Thinks: "Now if the tide is going out, the boat will be carried out with it, so unless she gets back with the choc ices pretty damn quick, we'll be stuck with no boat on the perishin' beach all night. And I left my cell-phone in the rowboat. And my swim shorts. When I dived out the perishin' boat I never expected to end up here! Alright for her. She waded ashore and asked me to let her bury me for a bit of fun. Why didn't I bury her? Why is it always me? How did I end up with three University degrees and still end up buried by my wife tit deep in sand?
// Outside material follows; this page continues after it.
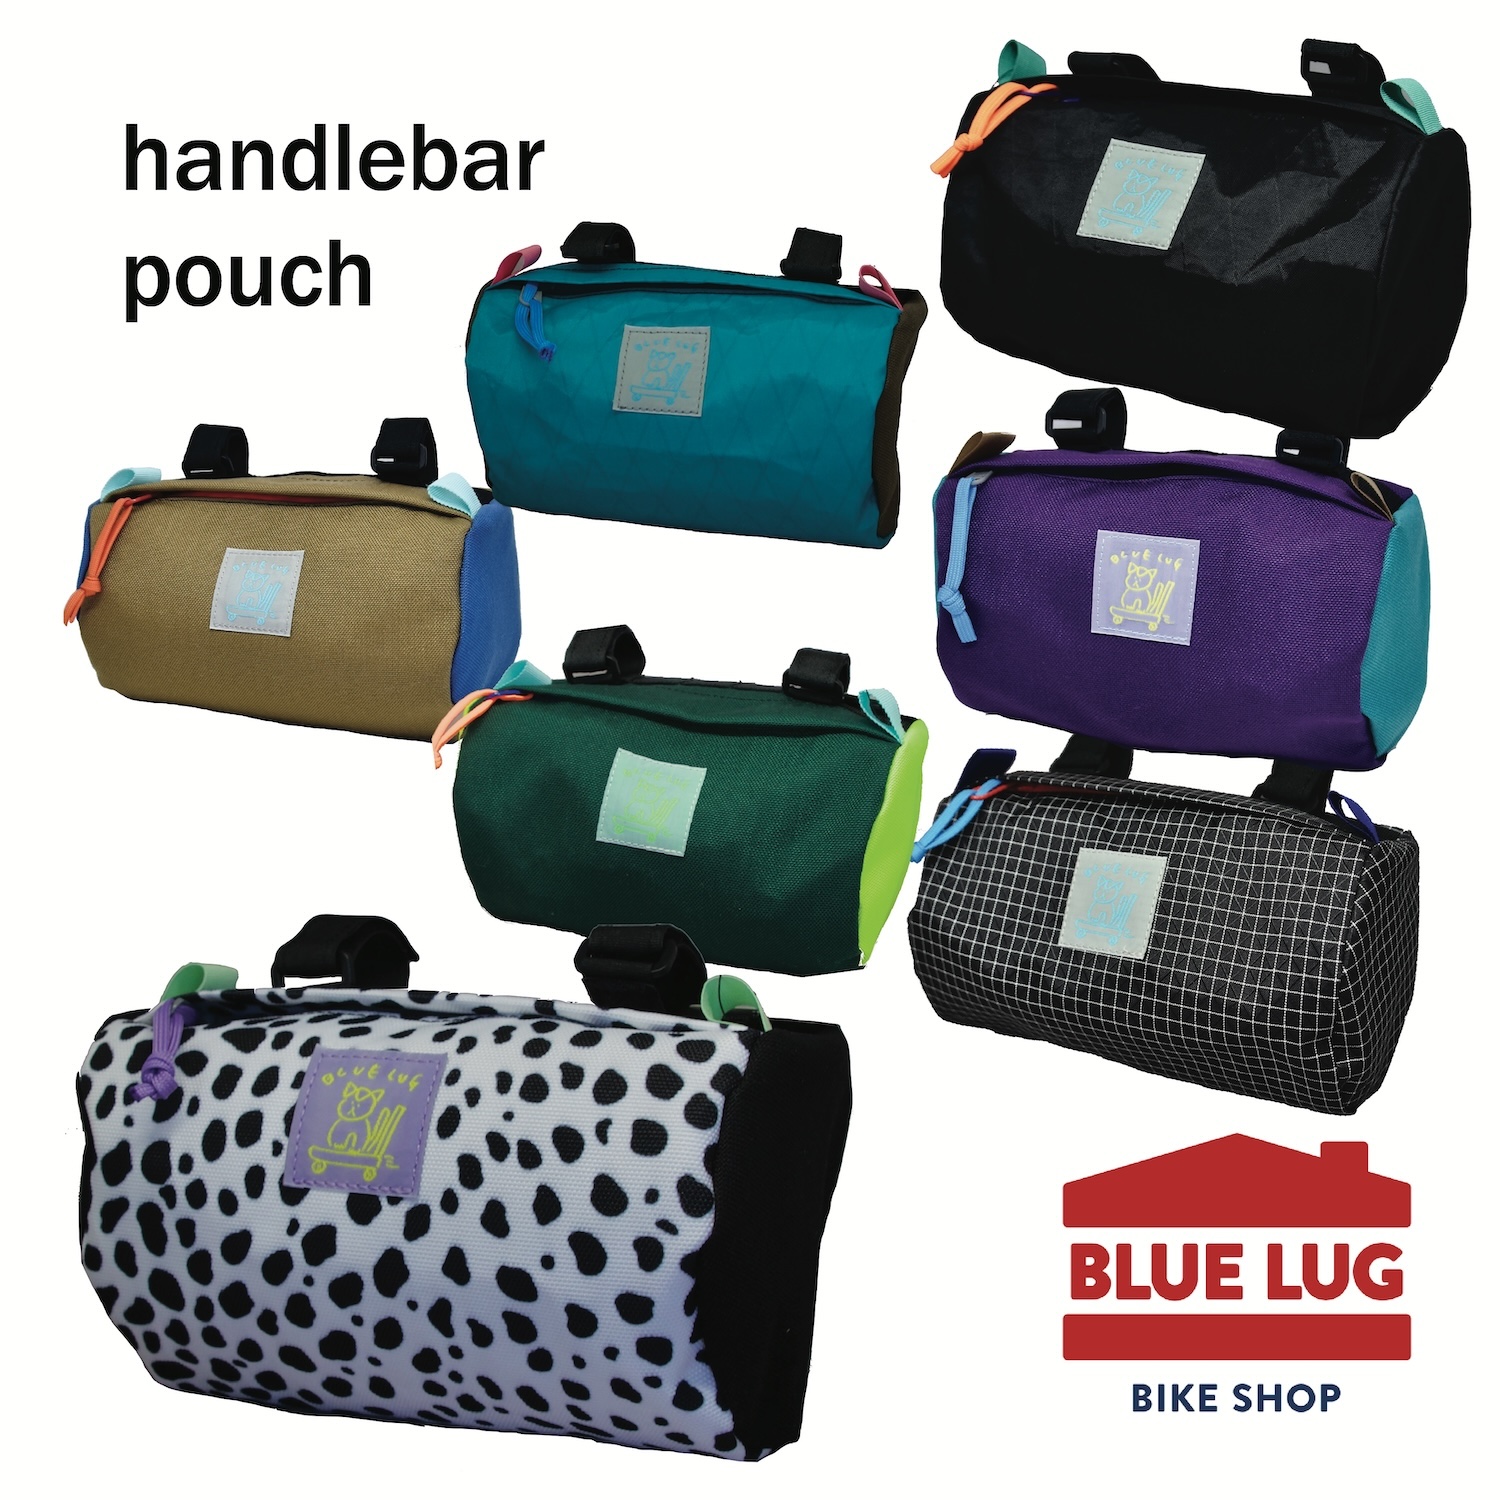 【再入荷】BLUE LUG ハンドルバーポーチ handlebar pouch ブルーラグ bluelug 自転車バッグ ハンドルバーバッグ 即納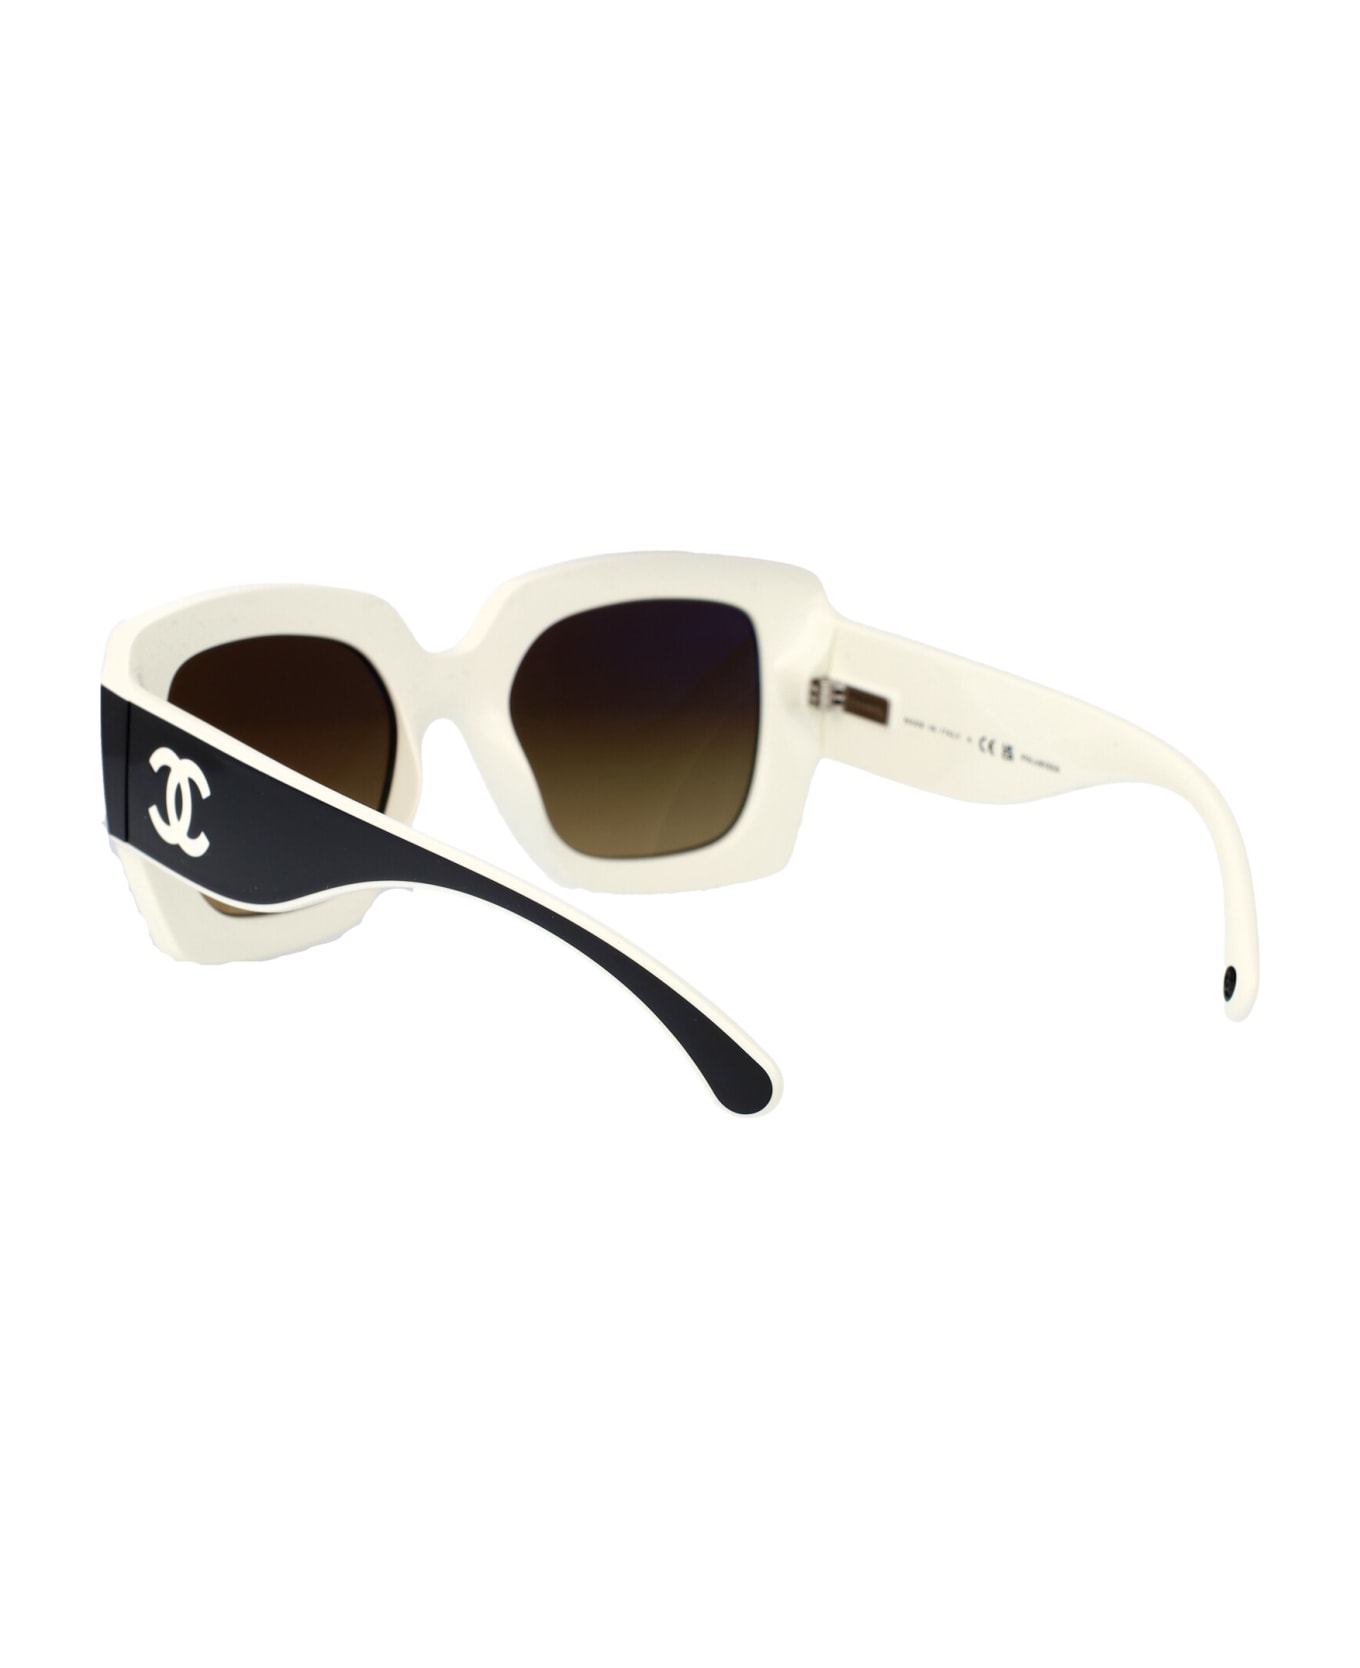 Chanel 0ch6059 Sunglasses - 1656M2 BLACK

Why don't I think before I travel about in bloody rowboats? Why don't I think before I let people bury me? Why doesn't someone invent a voice-controlled rowboat so I could call out "Here Boat! Jaunty Jane or whatever your name is. Come and get me out!" Where's she got to?  Bet she's eatin' my choc-ice as well as her own."

Thinks: "But on the other hand, if the tide is coming in, that will bring the boat closer and pretty soon I'll be able to grab it by the rowlocks and haul myself . . .  Oh F**K! No I won't! 'Cos I'm stuck in this sand and no one to dig me out till she gets back.  The tide will. And I'll be. Where is the bloody cow?"
Yells:  "Au secours!  Mayday!  Anybody there?  HELP!"  etc.

Dec 6, 2011

Magpie Tales#94

The inspiration for this Magpie comes as usual from the always inventive Tess Kincaid at Willow Manor who invites us to lunch with this George Tooker picture.



Boss, Smiddy and The Rookie took their lunchbreak on an old red settee that had followed them to the station-house in a previous blog.  The settee sat on the station-house roof and Boss, Smiddy and The Rookie sat on the settee to eat their sandwiches.  It was a good place for lunch. It was six floors up so the Captain could not see them.  They had hauled the settee up there themselves. They were a great team.
"Boss - what's the fillin' in yo' sandwiches?"
Boss lifted a corner of bread and peered. "Cheese slices, Smiddy. Again!"
"Mine too," said Smiddy.
The Rookie said, "And me. Same as every day." 
All three glared at their limp sandwiches. Then at each other.
"I'm pissed off with cheese slice sandwiches every day" Boss said.
"Me too, come to think of it."
"And me" said The Rookie.
"Then this is what we'll do. We're six floors up, right?"
"Right."
"Right."
"So we each tell our womenfolk - look, if you make up cheese slice sandwiches one more time I'm gonna throw myself off the station-house roof. Six floors. Splat. End of salary. End of pension rights."
"Great idea!"
"That'll get some action!"
They hauled themselves out of the settee. They made high-fives. They punched air. They were a like-minded, co-operative team.
Next day lunchbreak they settled into the settee. Boss bit into his sandwiches and delight spread over his face. "Now ain't that something! Spicy chicken and bacon with some goddam piccalilli. That's what I call a sandwich. How 'bout you guys?"
The Rookie bit, and rolled his eyes.  "Man oh man! That's gotta be parma ham sliced wafer thin with cottage cheese, shallots and hint of garlic. Wholegrain bread, too. I'll sleep all afternoon!"
Smiddy bit down on his sandwich, said "Oh f**k, not cheese slices again!" and got out of the settee and vaulted the roof parapet and vanished from view.  The team would never let each other down.
Boss said, "Must of forgot his wife's away visitin' her Ma. So he's been makin' up his sandwiches hisself."
"You  reckon?  Poor old Smiddy. Splat - just like that, eh?"
They carried on munching, then Boss said, "Might as well finish his cheese slices?"
"Might as well," said The Rookie. "Waste not, want not. Can I drive the black-and-white now, Boss?"